The parties take a different view as to the meaning and effect of the August 29 document. Appellant asserted below and on appeal that the document was a contract and that he requested a typewritten document only for the convenience and use of his bank. Appellee asserted below and on appeal that the August 29th document was a letter of understanding and that the parties agreed that, subsequent to the meeting on August 29, they would consult with their respective lawyers with the intention to enter into a contract at a later date.
The parties also disagree with respect to certain events that occurred subsequent to August 29, 1995. Appellee maintains that the contract was contingent on approval for
The transcript of the hearing reveals that, after evidence and arguments by both sides, the trial court delivered an “oral opinion.” The trial court found that all terms necessary to give rise to a contract were present and that the contract satisfied the Statute of Frauds. With respect to provision No. 5 in the contract, the trial court observed that there was no time stated within which approval had to be obtained, and as a result, it was unenforceable because it violated the rule against perpetuities. Alternatively, the trial court stated that the condition had not been met because it was learned that 21 building sites could not be approved and that the contract terminated at that time. The trial court observed that a new offer of $220,000 was made by appellant but rejected by appellee.
The trial court then permitted counsel to present further argument with respect to the court’s alternative holdings applicable to provision No. 5. After further argument, the court permitted additional testimony to be offered by both parties relating to the issue of whether it had been ascertained that the condition could not be met and that the contract had terminated. Upon close of that evidence, the court again entertained argument from counsel on that limited point and, in addition, requested memoranda on the applicability of the rule against perpetuities.
The trial court filed an Opinion and Order on May 1, 1997, pursuant to which it entered judgment in favor of appellee. The written Opinion and Order contains the following sentence: “At the close of all the evidence, the court ruled that the parties did in fact enter into a contract.” The court then proceeded to discuss the rule against perpetuities, found it applicable, and declared the August 29, 1995 contract unenforceable. Appellant appealed to this court, and appellee cross-appealed.

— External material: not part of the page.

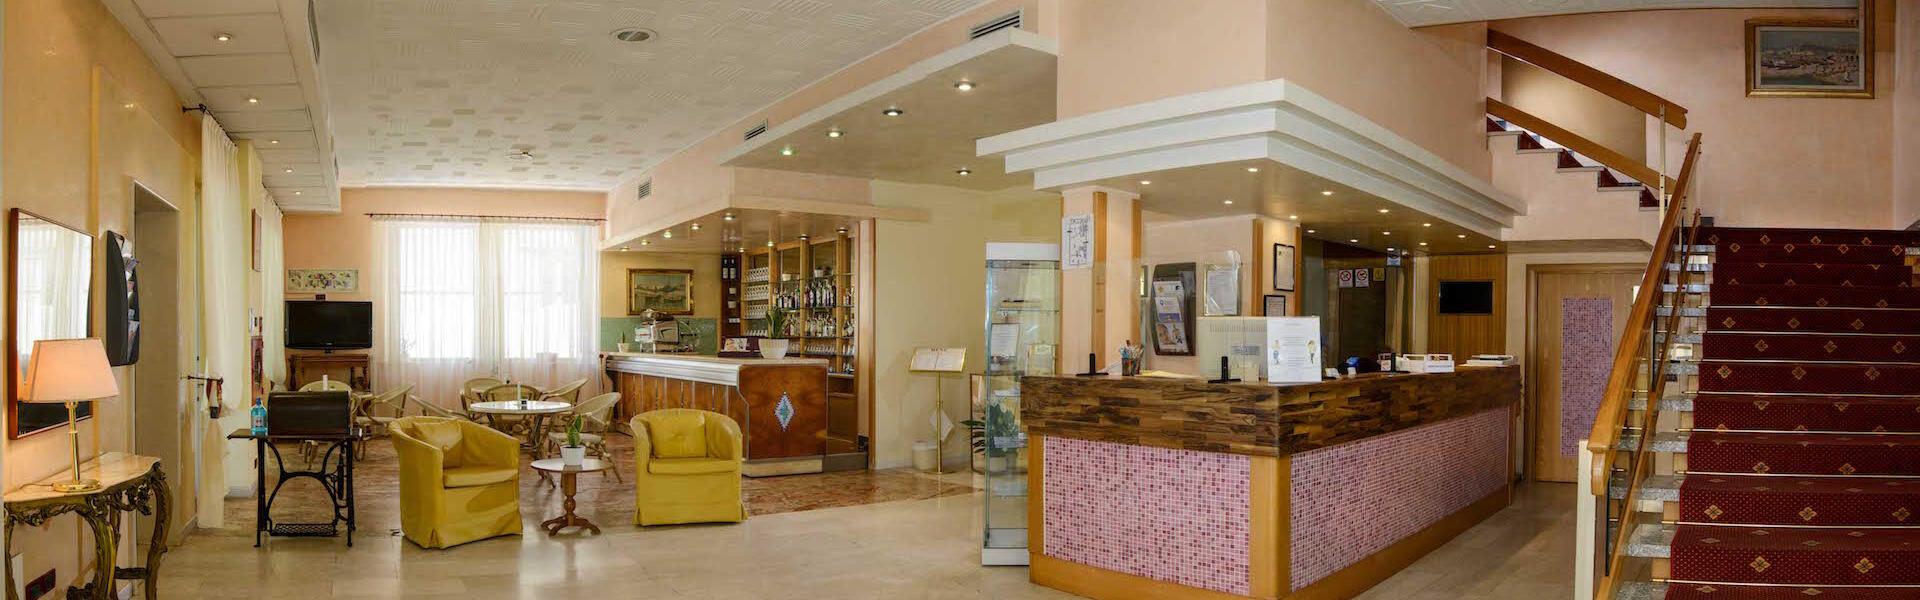 hotelkennedy it galleria 006

On appeal, appellant inquires whether the trial court erred in holding that the August 29, 1995 contract violated the rule against perpetuities. Appellee agrees with the trial court’s ruling on that issue but also inquires whether the trial court erred in finding the existence of a valid contract in the first instance. Additionally, appellee contends that, if a valid contract existed, the trial court determined that it terminated when it became clear that the condition would not occur, a finding which is not clearly erroneous.
Discussion
The rule against perpetuities is a limitation on contingent future interests in property. The rule prevents property interests from vesting too remotely, so that current owners will not be discouraged from making the most effective uses of their properties.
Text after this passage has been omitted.